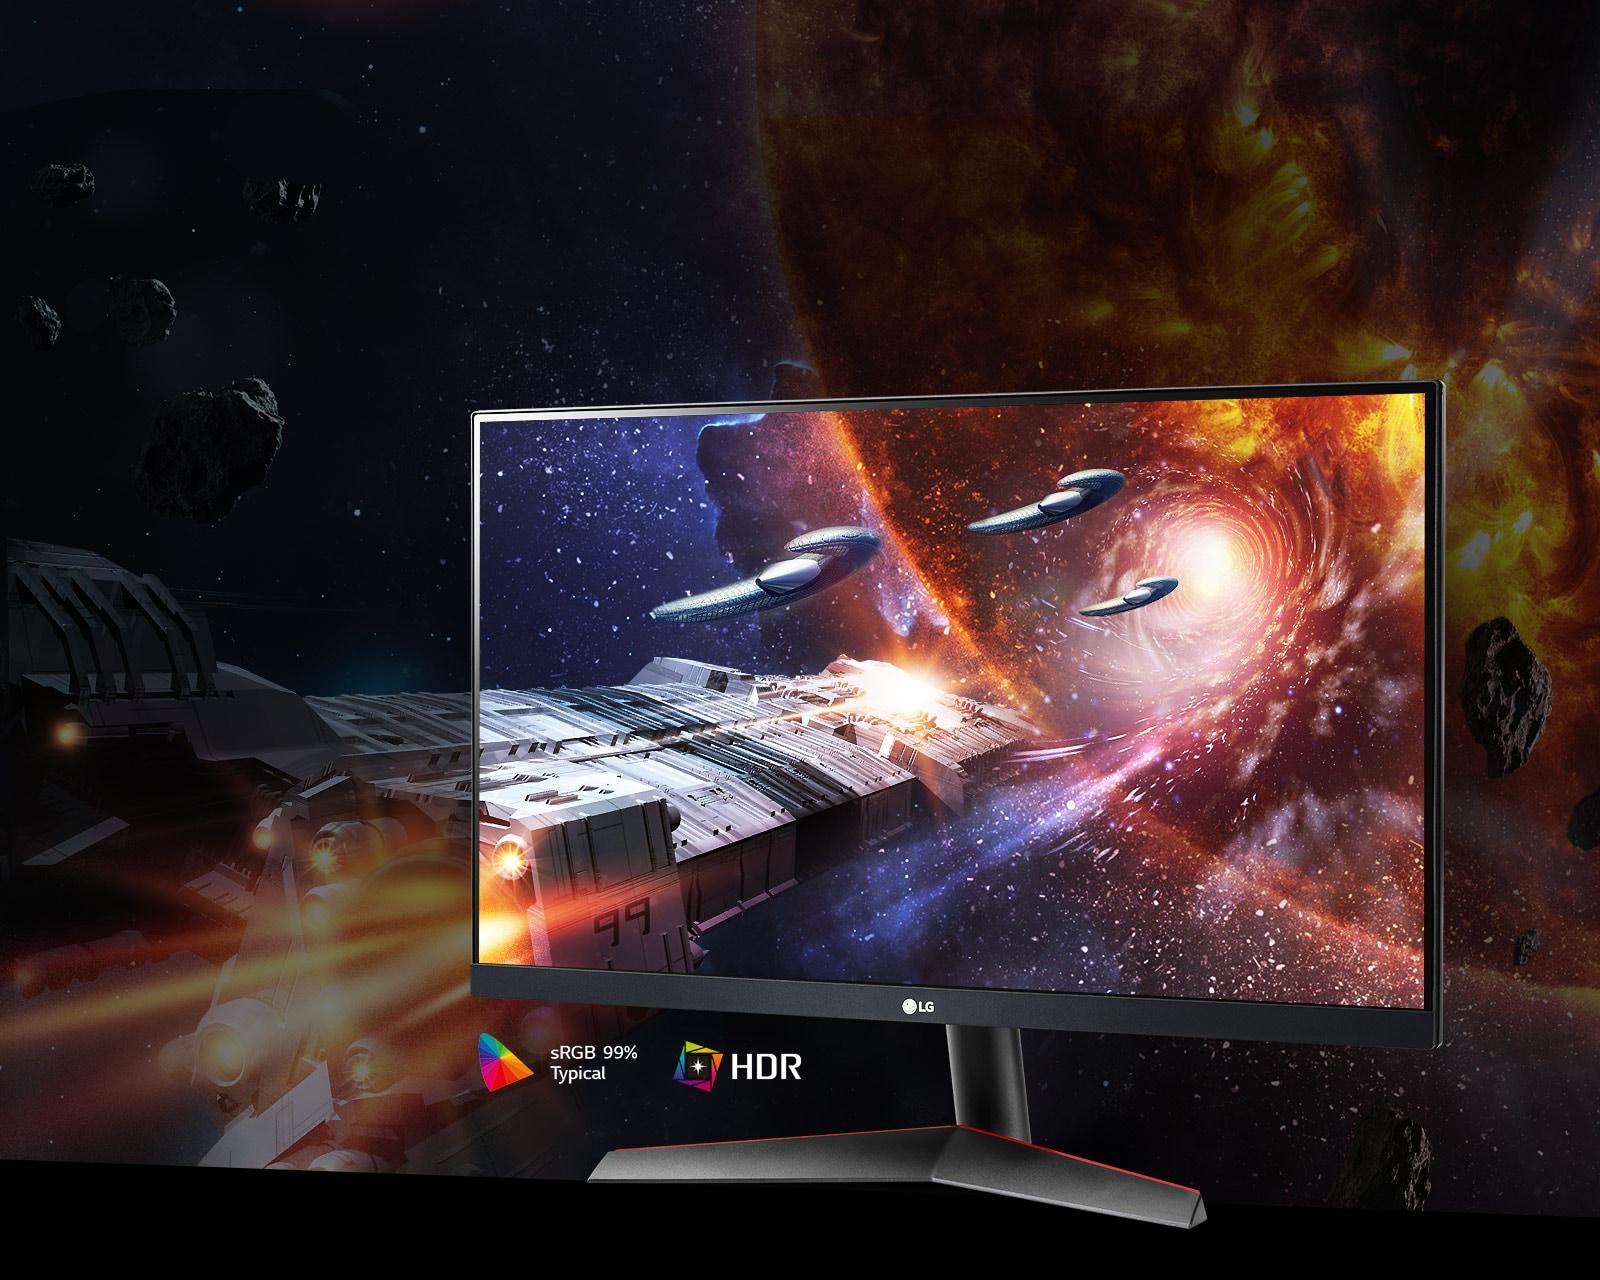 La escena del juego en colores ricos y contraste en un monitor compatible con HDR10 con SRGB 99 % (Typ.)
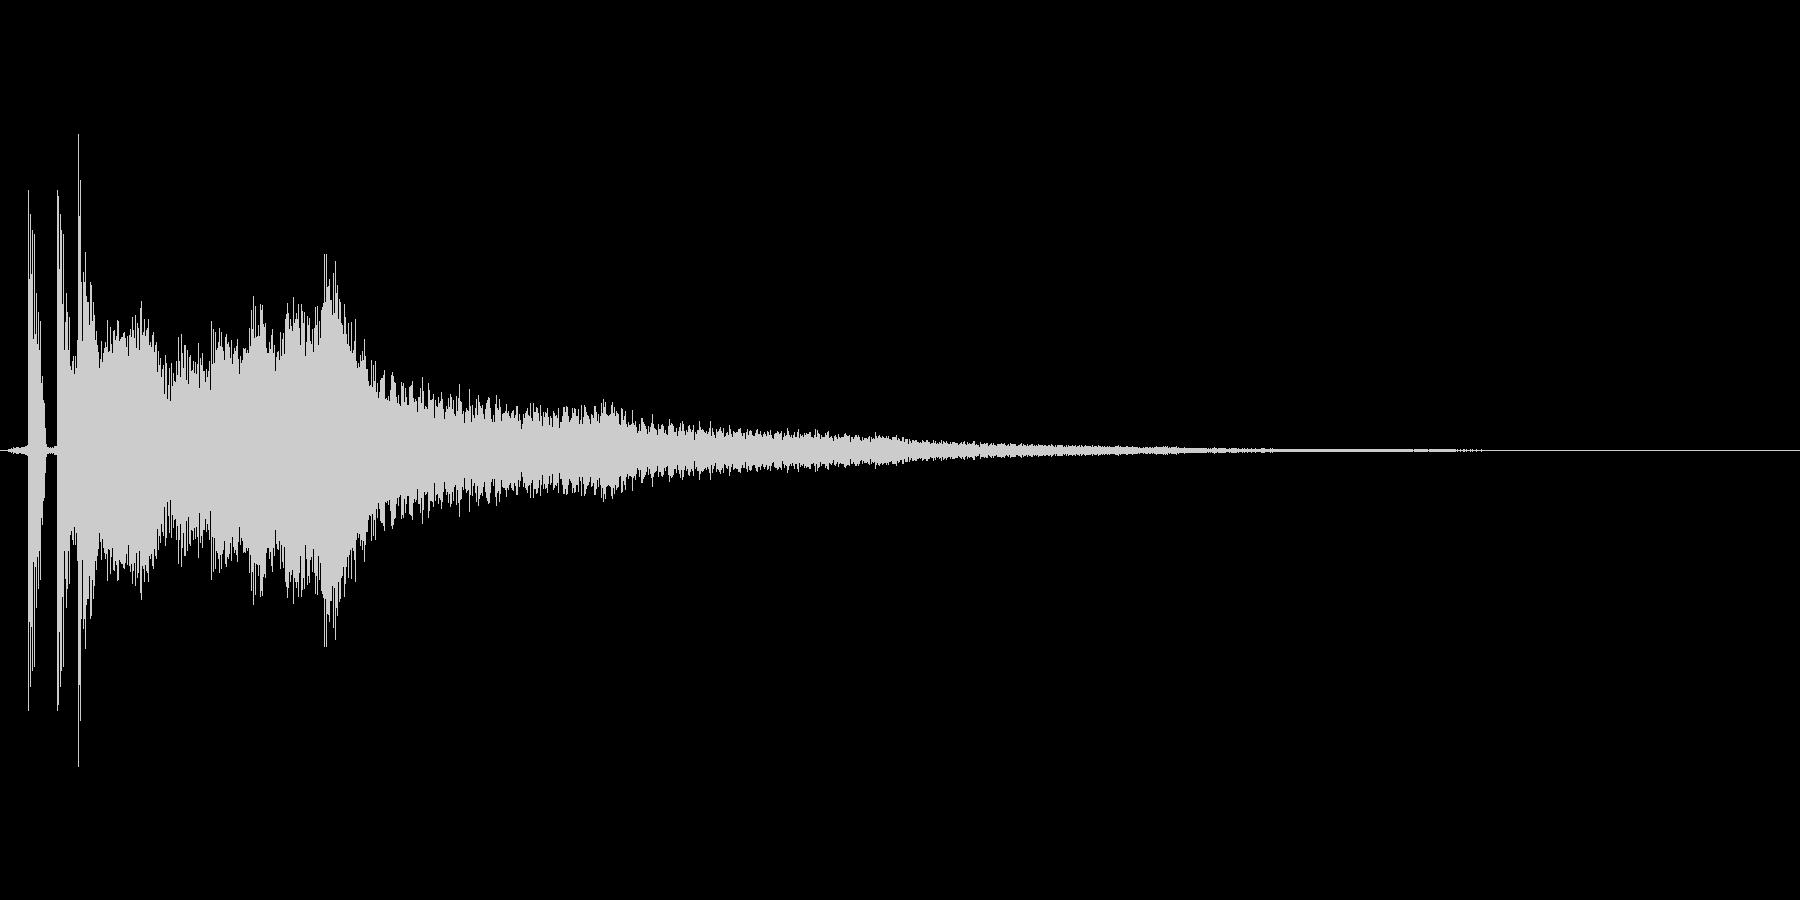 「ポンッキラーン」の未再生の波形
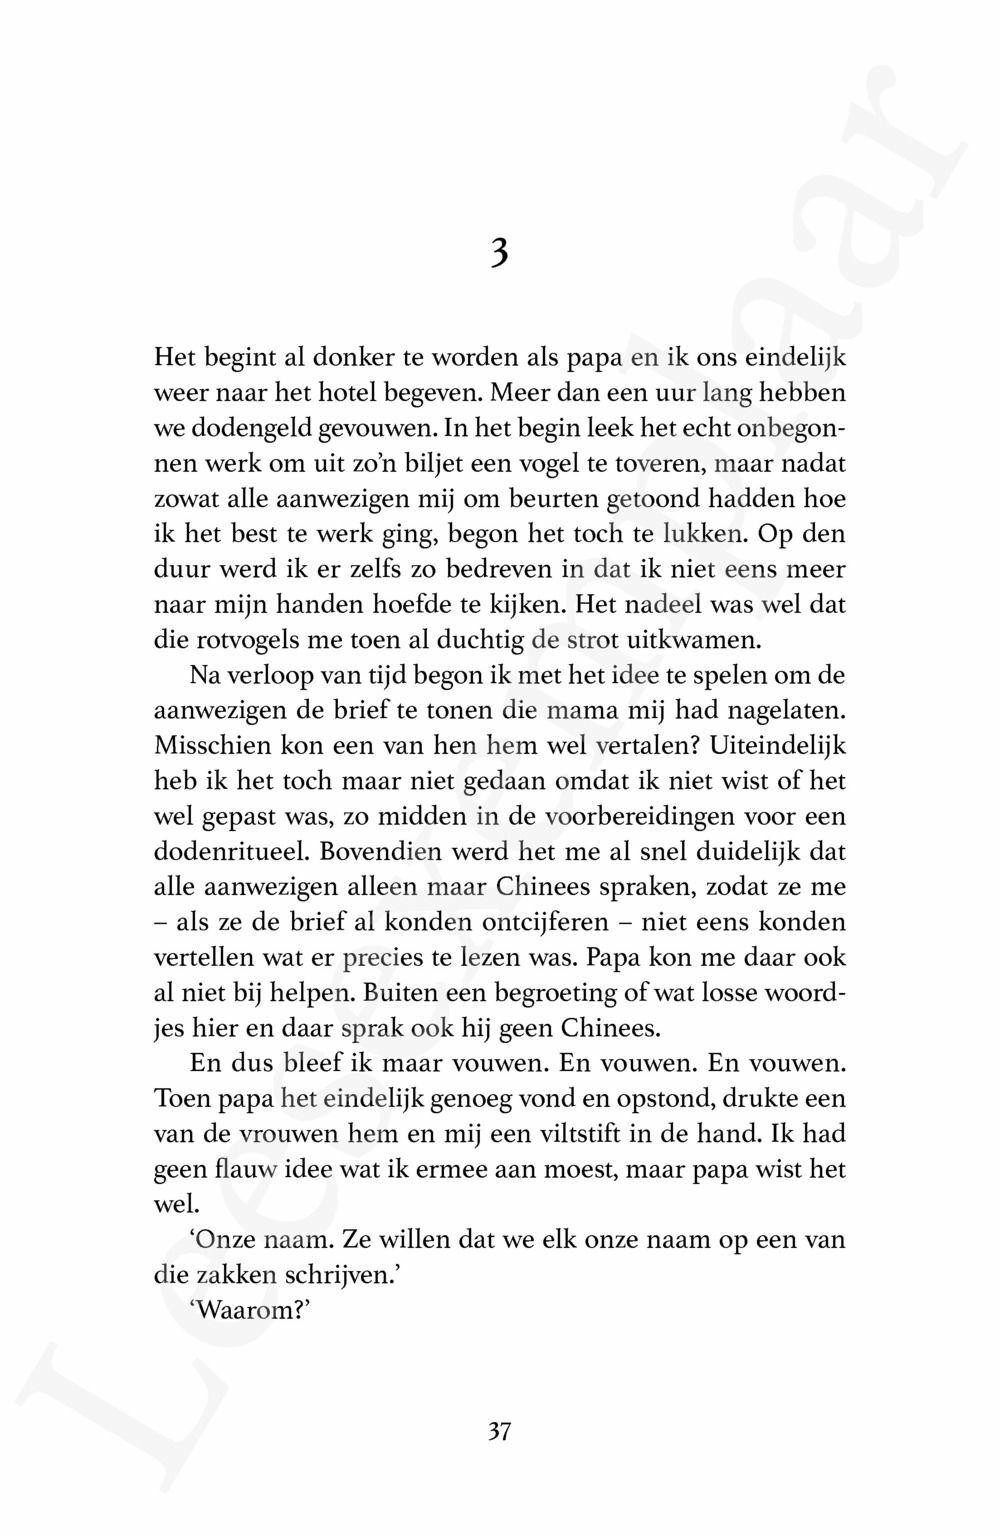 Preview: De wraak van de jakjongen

•••••

> **YOUR OBJECTIVE**: Write the listing out again in full and unchanged, minus any pictures.

> **FINISHED TASK**:
 La escena del juego en colores ricos y contraste en un monitor compatible con HDR10 con SRGB 99 % (Typ.)
 「ポンッキラーン」の未再生の波形
 Preview: De wraak van de jakjongen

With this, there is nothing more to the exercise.